Shuffling and Sorting in Hadoop MapReduce
1. Objective
In Hadoop, the process by which the intermediate output from mappers is transferred to the reducer is called Shuffling. Reducer gets 1 or more keys and associated values on the basis of reducers. Intermediated key-value generated by mapper is sorted automatically by key. In this blog, we will discuss in detail about shuffling and Sorting in Hadoop MapReduce.
Here we will learn what is sorting in Hadoop, what is shuffling in Hadoop, what is the purpose of Shuffling and sorting phase in MapReduce, how MapReduce shuffle works and how MapReduce sort works. We will also learn what is secondary sorting in MapReduce?
To learn Hadoop Cloudera CDH5 installation follow this installation guide.
2. What is Shuffling and Sorting in Hadoop MapReduce?
Before we start with Shuffle and Sort in MapReduce, let us revise the other phases of MapReduce like Mapper, reducer in MapReduce, Combiner, partitioner in MapReduce and inputFormat in MapReduce.
Shuffle phase in Hadoop transfers the map output from Mapper to a Reducer in MapReduce. Sort phase in MapReduce covers the merging and sorting of map outputs. Data from the mapper are grouped by the key, split among reducers and sorted by the key. Every reducer obtains all values associated with the same key. Shuffle and sort phase in Hadoop occur simultaneously and are done by the MapReduce framework.
Let us now understand both these processes in details below:
3. Shuffling in MapReduce
The process of transferring data from the mappers to reducers is known as shuffling i.e. the process by which the system performs the sort and transfers the map output to the reducer as input.
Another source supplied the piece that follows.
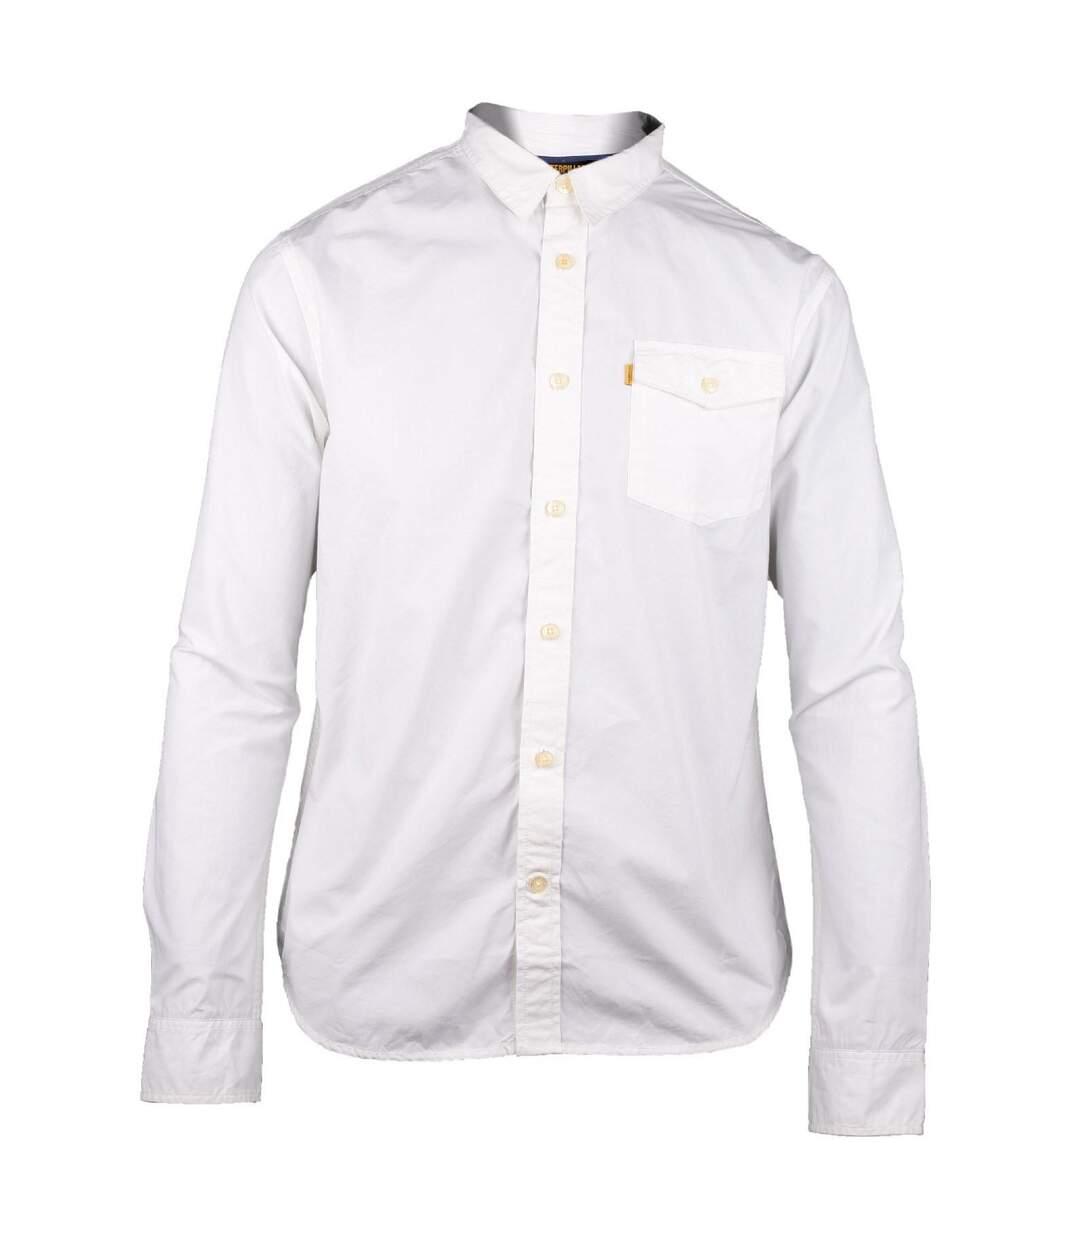 Caterpillar Exchange Mens Long Sleeve Casual Cotton Shirt (White) - UTFS3065
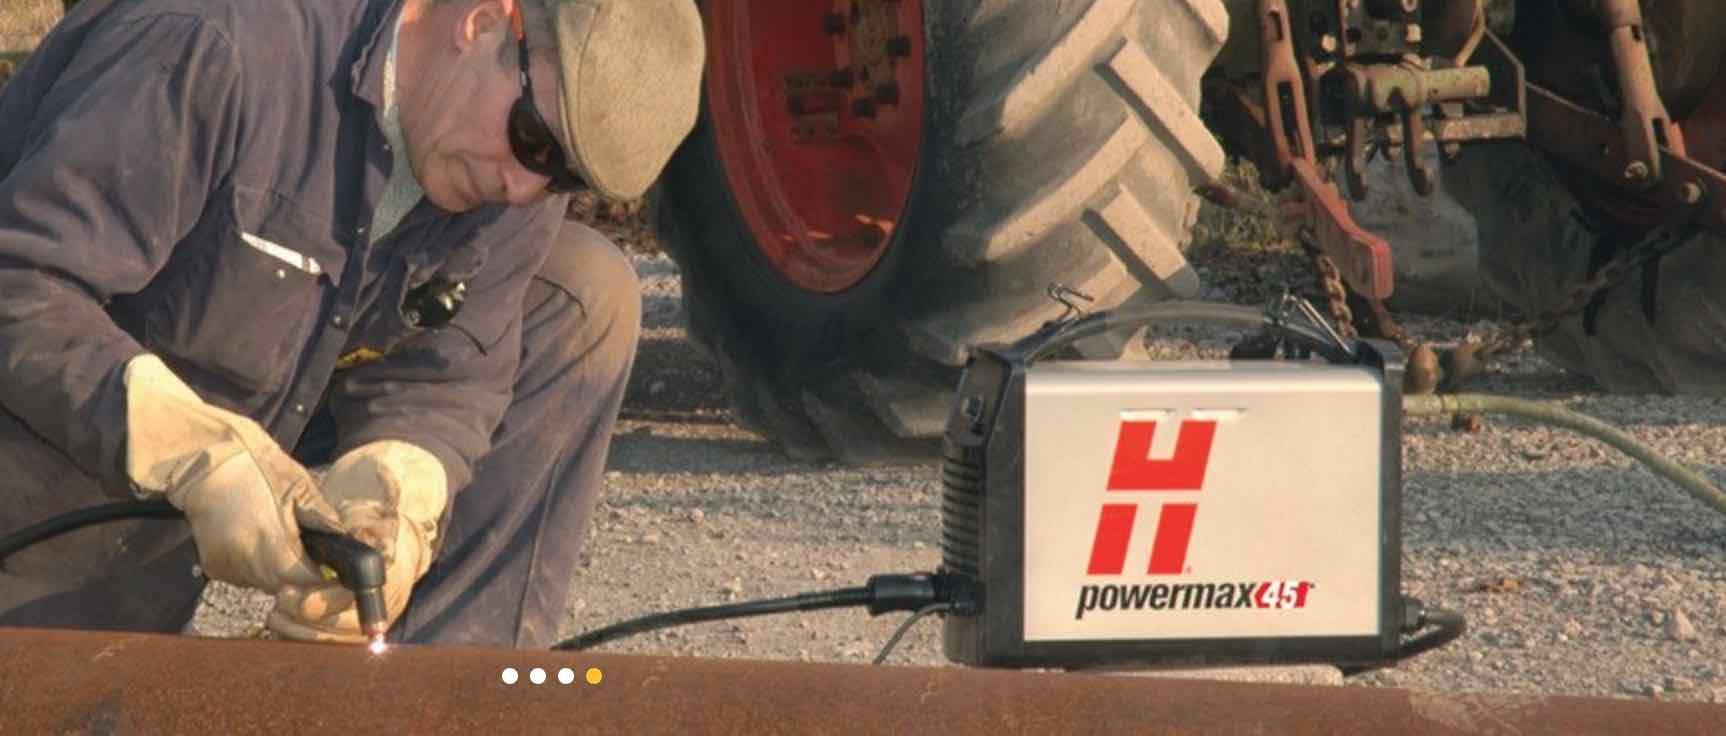 hypertherm-powermax-45-air-plasma-cutting-machine-2.jpg

So, MapReduce shuffle phase is necessary for the reducers, otherwise, they would not have any input (or input from every mapper). As shuffling can start even before the map phase has finished so this saves some time and completes the tasks in lesser time.
4. Sorting in MapReduce
The keys generated by the mapper are automatically sorted by MapReduce Framework, i.e. Before starting of reducer, all intermediate key-value pairs in MapReduce that are generated by mapper get sorted by key and not by value. Values passed to each reducer are not sorted; they can be in any order.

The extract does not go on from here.